Use Cases & Projects, Dataiku Product Hui Xiang Chua

To facilitate full systemization of data and AI, it is important to allow as many users to access, interact with, and gather insights from relevant data as possible. Many existing processes only allow IT administrators or analysts to extract data from databases or data warehouses and users who are not familiar with SQL face challenges in extracting and analyzing the data they require for their business needs. Having a webapp can help to solve this problem and give more autonomy to users from various backgrounds. 

In Dataiku, we can create a code-based webapp using standard HTML, Shiny, Dash, or Bokeh. Webapps can be used to write advanced visualizations or custom applicative frontends. This component will present a lot of opportunities for Dataiku power users who are familiar with Python and want to customize their dashboards based on their preferences in design. 
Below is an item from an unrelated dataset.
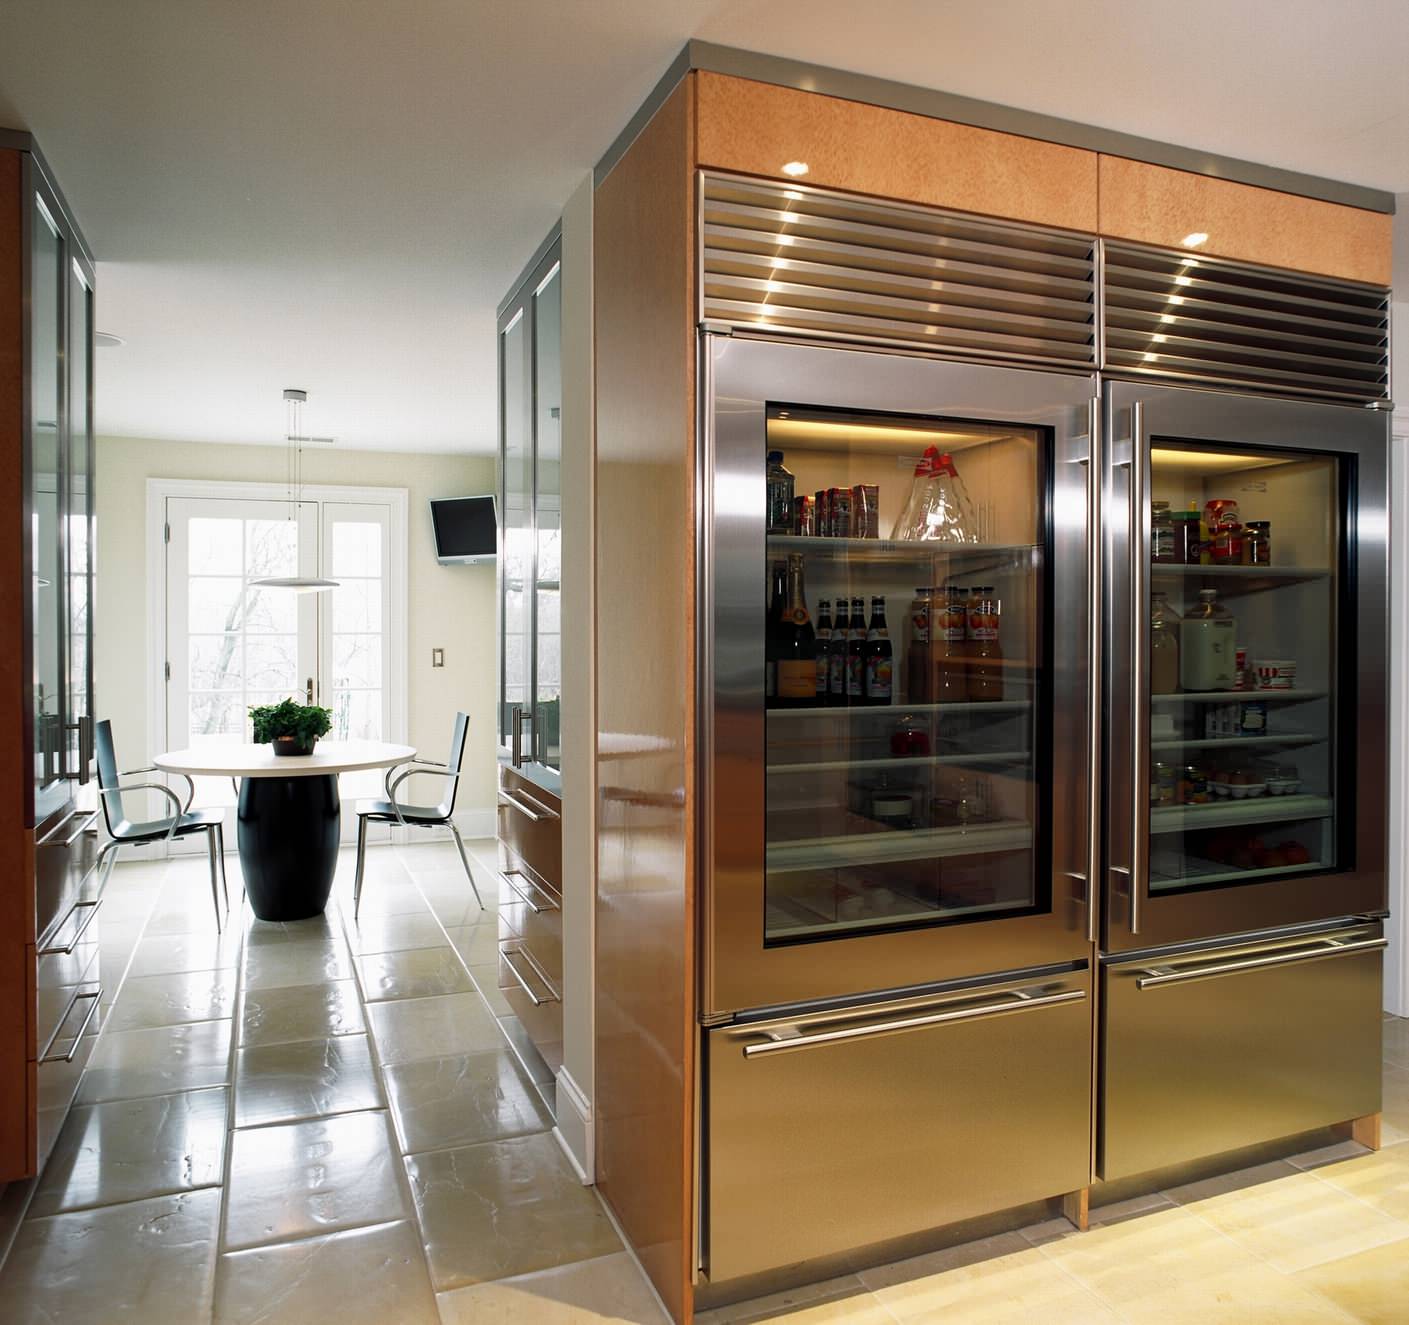 Стеклянные дверцы металлического холодильника на кухне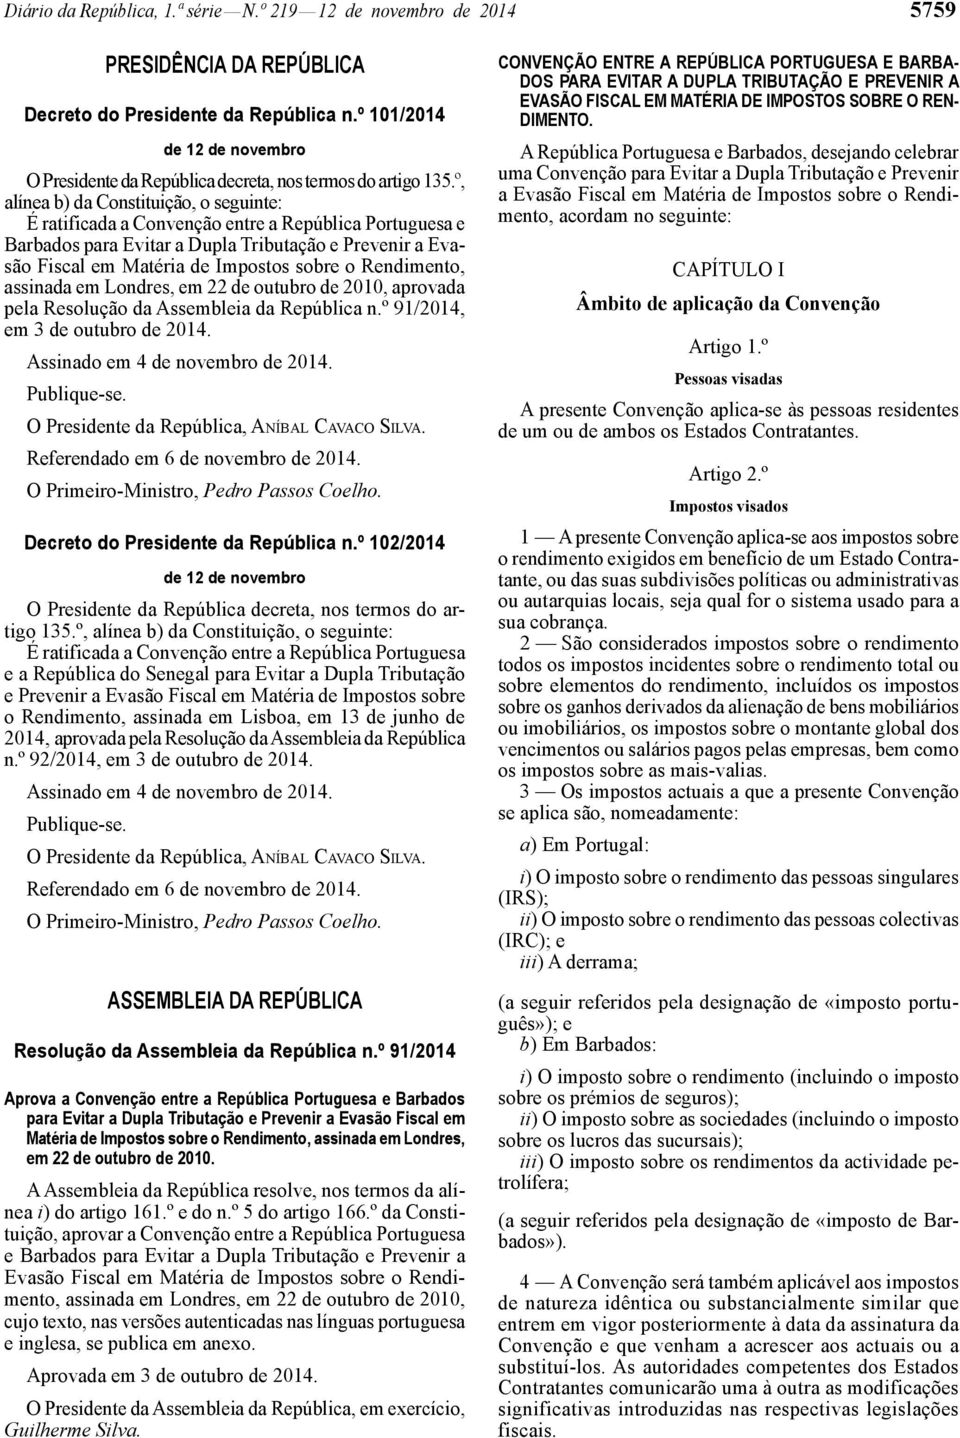 º, alínea b) da Constituição, o seguinte: É ratificada a Convenção entre a República Portuguesa e Barbados para Evitar a Dupla Tributação e Prevenir a Evasão Fiscal em Matéria de Impostos sobre o

Figure 1. Webapp options in Dataiku

In this example, we will make use of Dash to create a webapp. Dash apps give a point-and-click interface to models written in Python, vastly expanding the notion of what's possible in a traditional "dashboard." With Dash apps, data scientists and engineers put complex Python analytics in the hands of business decision-makers and operators. Dataiku provides us with some code templates to begin with. Over here, we are going to make use of the template “A simple multi-page webapp using Dash.”

webapp using Dash

Figure 2. Sample code templates for Dash webapp in Dataiku

Exploring the Healthiest and Most Unhealthy Hawker Foods of Singapore Through a Dash Webapp in Dataiku

If you have been to Singapore, you would know that hawker foods are very popular here. In fact, “Hawker Culture in Singapore: Community Dining and Culinary Practices in a Multicultural Urban Context” was inscribed on UNESCO’s Representative List of the Intangible Cultural Heritage of Humanity on Dec. 16, 2020. Many of our hawker dishes originated from the food cultures of different immigrant groups who settled in Singapore. Over time, they have evolved to become the distinctive local dishes that we love, and they form an important part of our food heritage.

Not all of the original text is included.